**What you should do**
Please reproduce all of the data below exactly, leaving each picture out.

**Data block**

BEGIN

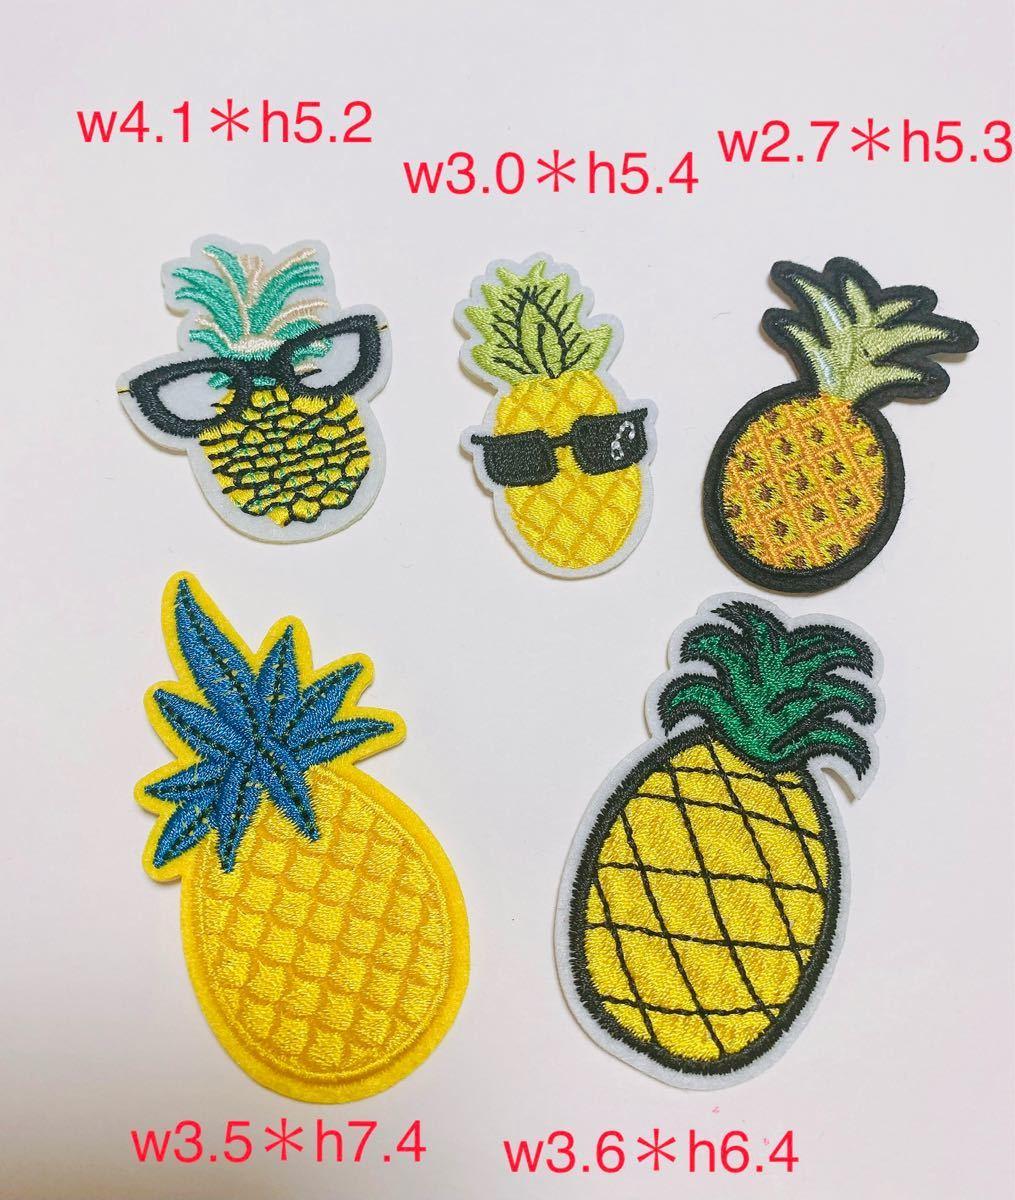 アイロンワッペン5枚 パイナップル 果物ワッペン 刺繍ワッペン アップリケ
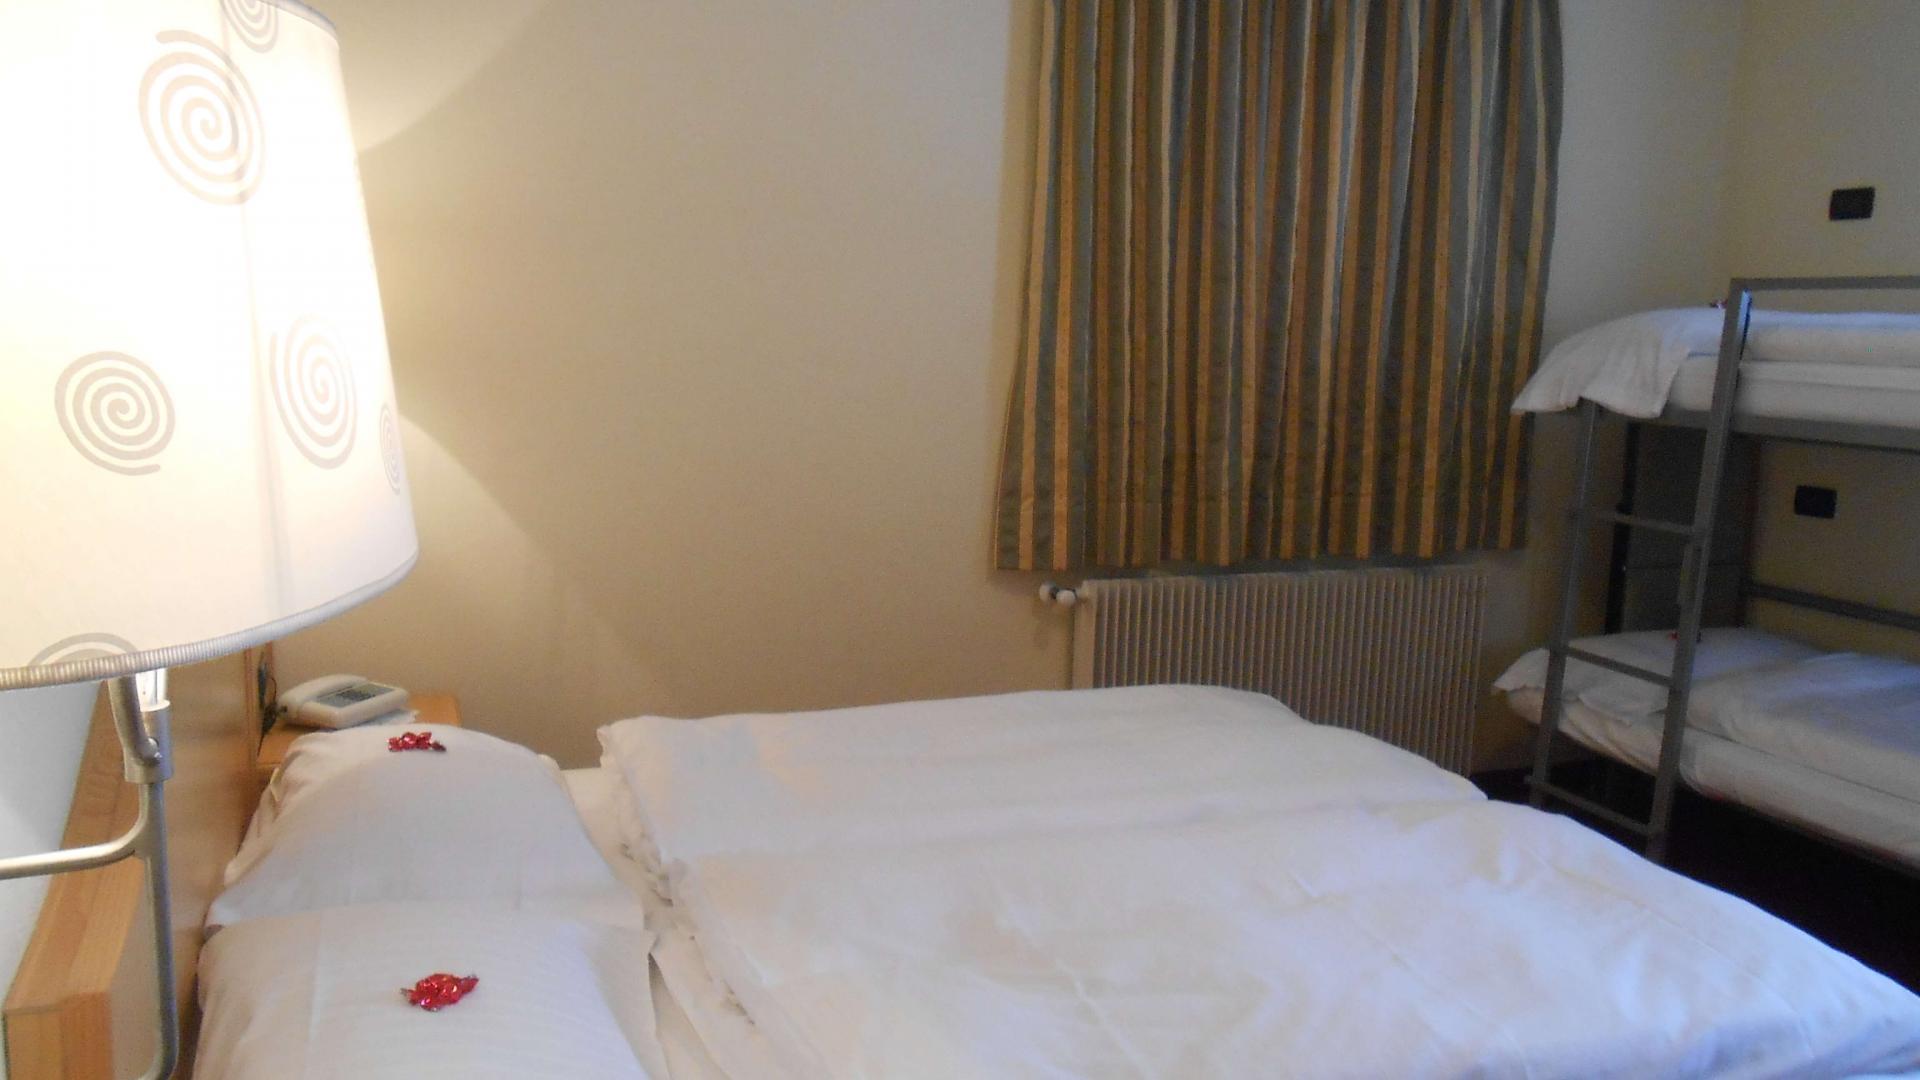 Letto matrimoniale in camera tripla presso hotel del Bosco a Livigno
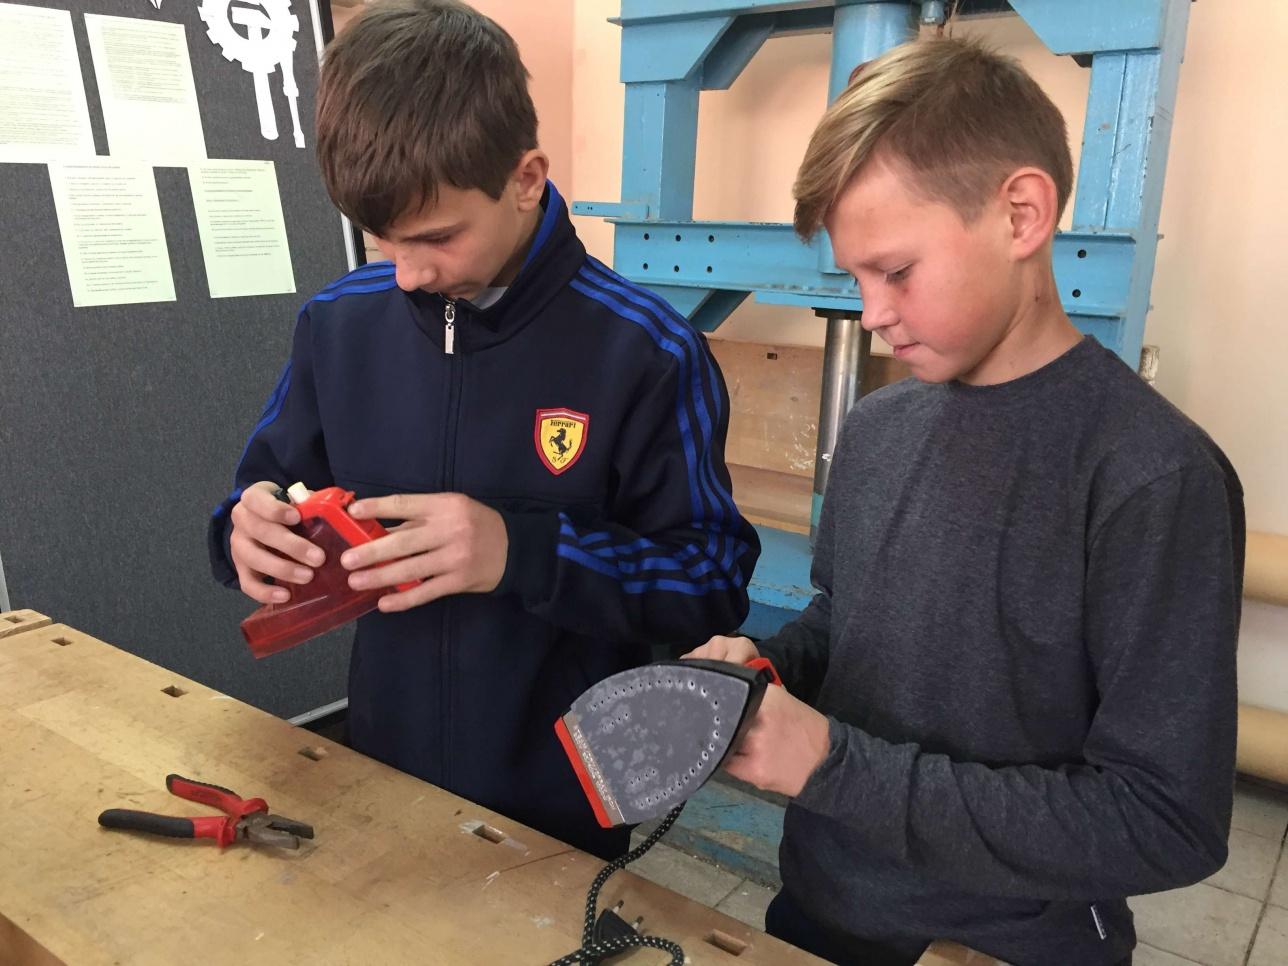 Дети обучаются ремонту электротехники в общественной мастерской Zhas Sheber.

END

**Task solution**
 アイロンワッペン5枚 パイナップル 果物ワッペン 刺繍ワッペン アップリケ
 Letto matrimoniale in camera tripla presso hotel del Bosco a Livigno
 Дети обучаются ремонту электротехники в общественной мастерской Zhas Sheber.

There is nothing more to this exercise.